This seems to be one of the most popular questions faced by statisticians, and one that, although may seem simple, always requires additional information. Let's say we are designing a study to investigate if there is a statistically significant difference between the average performance of two populations, like the average mpg of two types of cars, or the average DC resistance of two cable designs. In this two-sample test of significance scenario the sample size calculation depends on four "ingredients":
1. The smallest difference between the two averages that we want to be able to detect
2. The estimate of the standard deviation of the two populations
3. The probability of declaring that there is a difference when there is none
4. The probability of detecting a difference when the difference exists
The third ingredient is known as the significance level of the test, and is the probability of making a Type I error; i.e., declaring that there is a difference between the populations when there is none. The value of the significance level (Alpha) is usually taken as 5%. It was
Sir Ronald Fisher, one of the founding fathers of modern statistics, who suggested the value of 0.05 (1 in 20)
as a limit in judging whether a deviation ought to be considered significant or not.
However, I do not believe Fisher intended 5% to become the default value in tests of significance. Notice what he wrote in his 1956 book Statistical Methods and Scientific Inference.
No scientific worker has a fixed level of significance from year to year, and in all circumstances, he rejects hypothesis; he rather gives his mind to each particular case in the light of his evidence of ideas. (3rd edition, Page 41)
The last ingredient reflects the ability of the test to detect a difference when it exists; i.e. its power. We want our studies to have good power, a suggested value is 80%. But be careful, the more power you want the more samples you are going to need. In a future post I will show you how a Sample Size vs. Power plot is a great tool to evaluate how many samples are needed to achieve certain power.

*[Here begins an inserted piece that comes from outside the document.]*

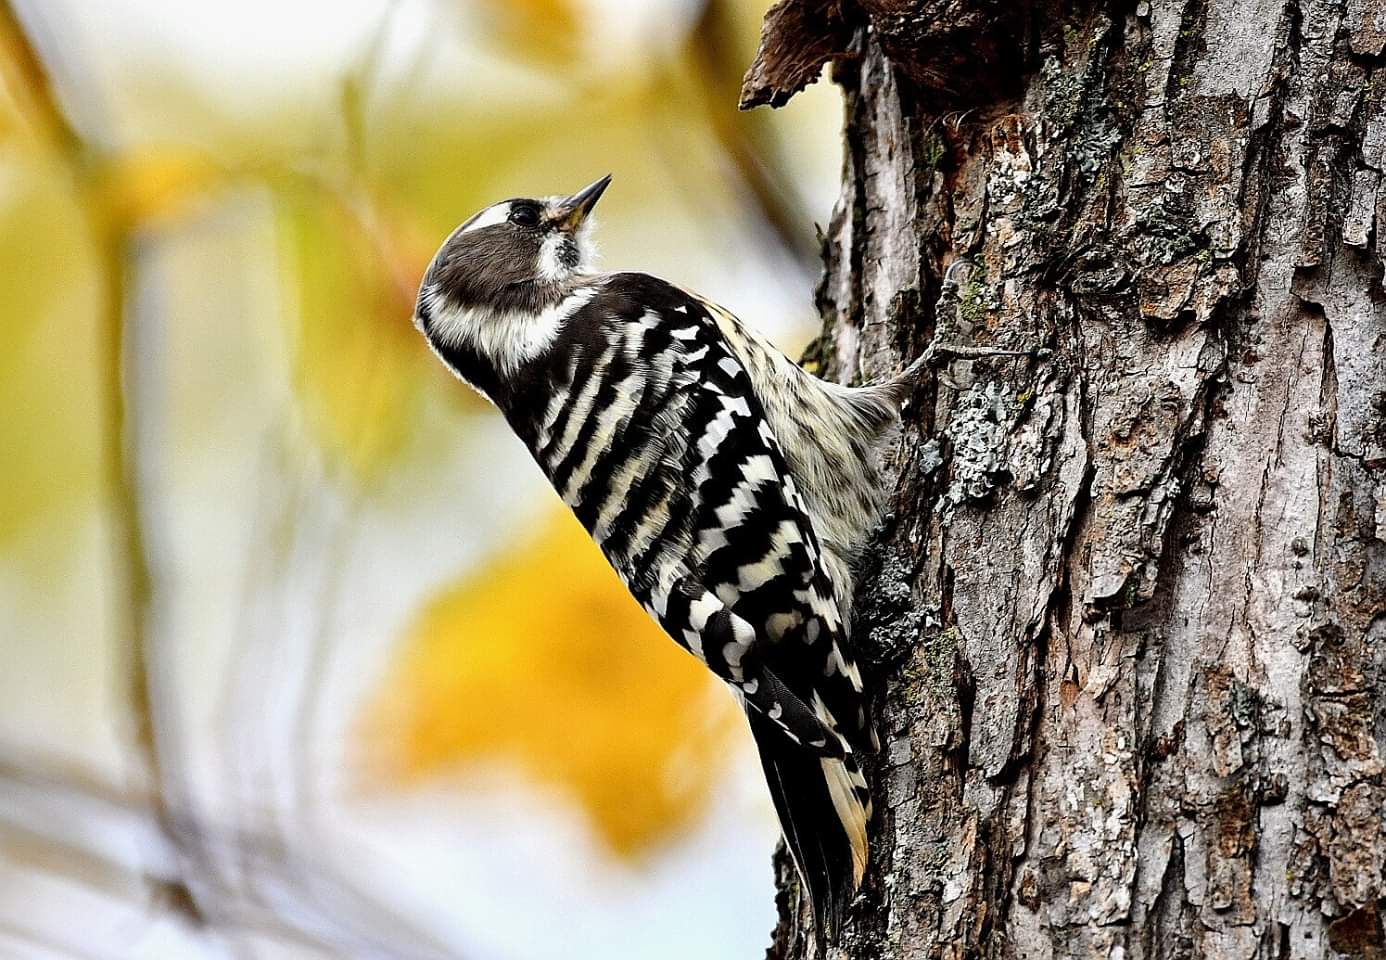 Japanese Pygmy Woodpecker
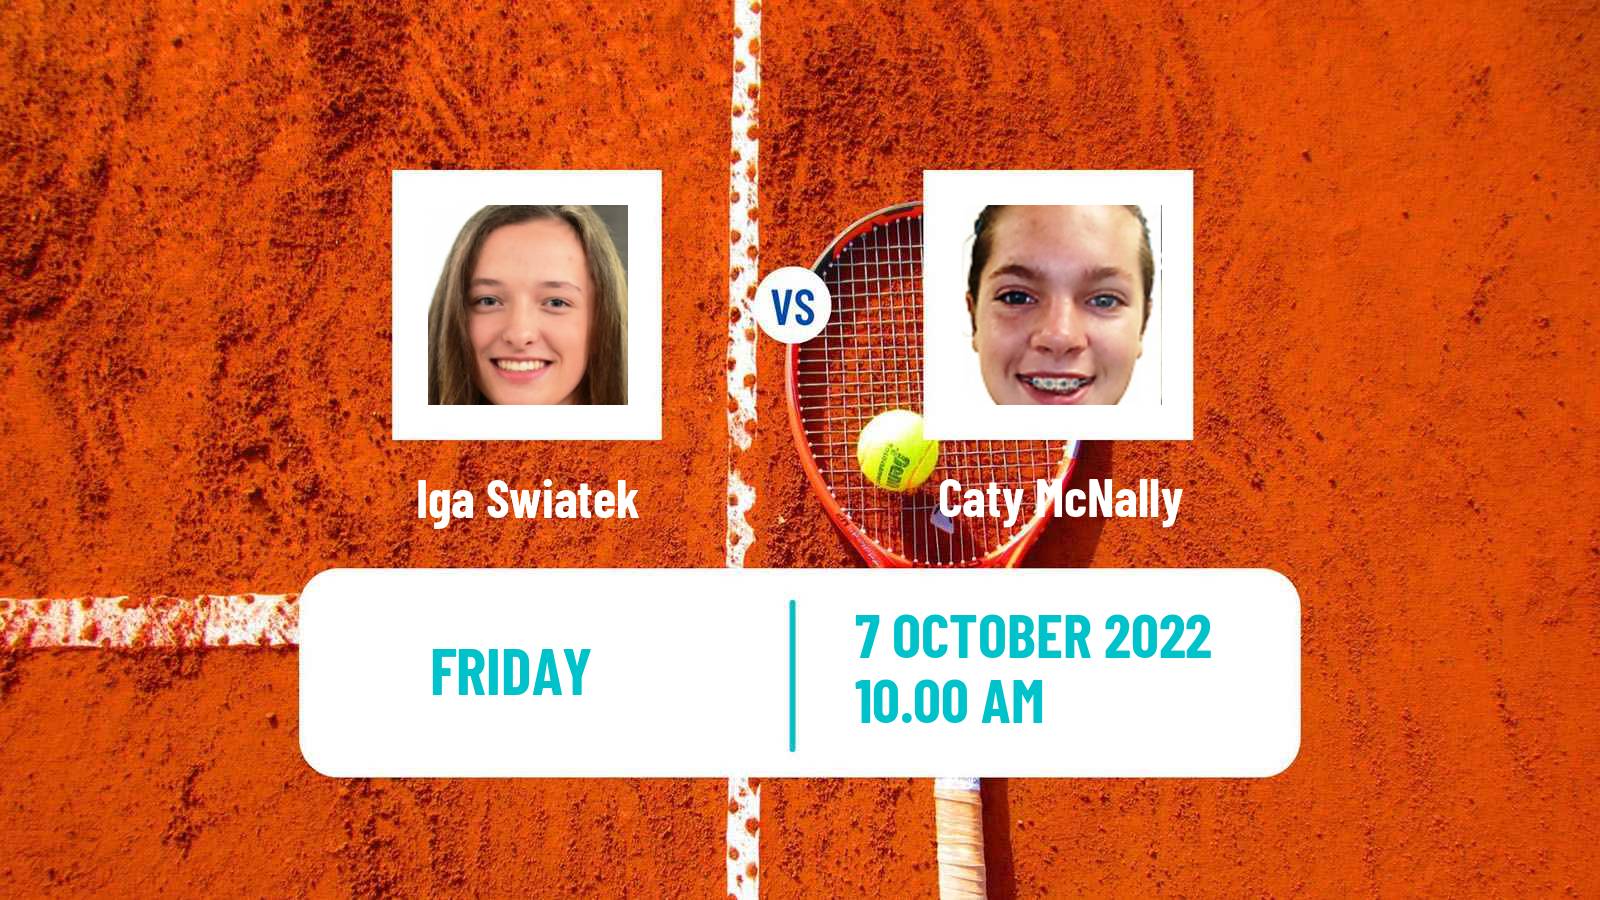 Tennis WTA Ostrava Iga Swiatek - Caty McNally

The research hypothesis under consideration should drive the sample size calculations. Let's say that we want to see if there is a difference in the the average DC resistance performance of two cable designs. Given that the standard deviation for these cable designs is about 0.5 Ohm, the question of "how many samples do we need?" now becomes:
how many samples do we need to be able to detect a difference of at least 1 Ohm between the two cable designs, with a significance level of 5% and a power of 80%.
In JMP it is very easy to calculate sample sizes as a function of the four ingredients described above. From the DOE menu select Sample Size and Power, and then the type of significance test to be performed. The figure below shows the Sample Size and Power dialog window for the DC resistance two-sample test of significance. Note that by default JMP populates Alpha, the significance level of the test, with 0.05. The highlighted values are the required inputs and the "Sample Size" the total required sample size for the study.
The results indicate that we need about 11 samples, or 6 per cable design, to be able to detect a difference of at least 1 Ohm between the two cable designs.
Next time you ask yourself, or your local statistician, how many samples are needed, remember that additional information is required, and that the calculations only tell you how many samples you need but not how and where to take the samples, the sampling scheme (more about sampling schemes on a future post).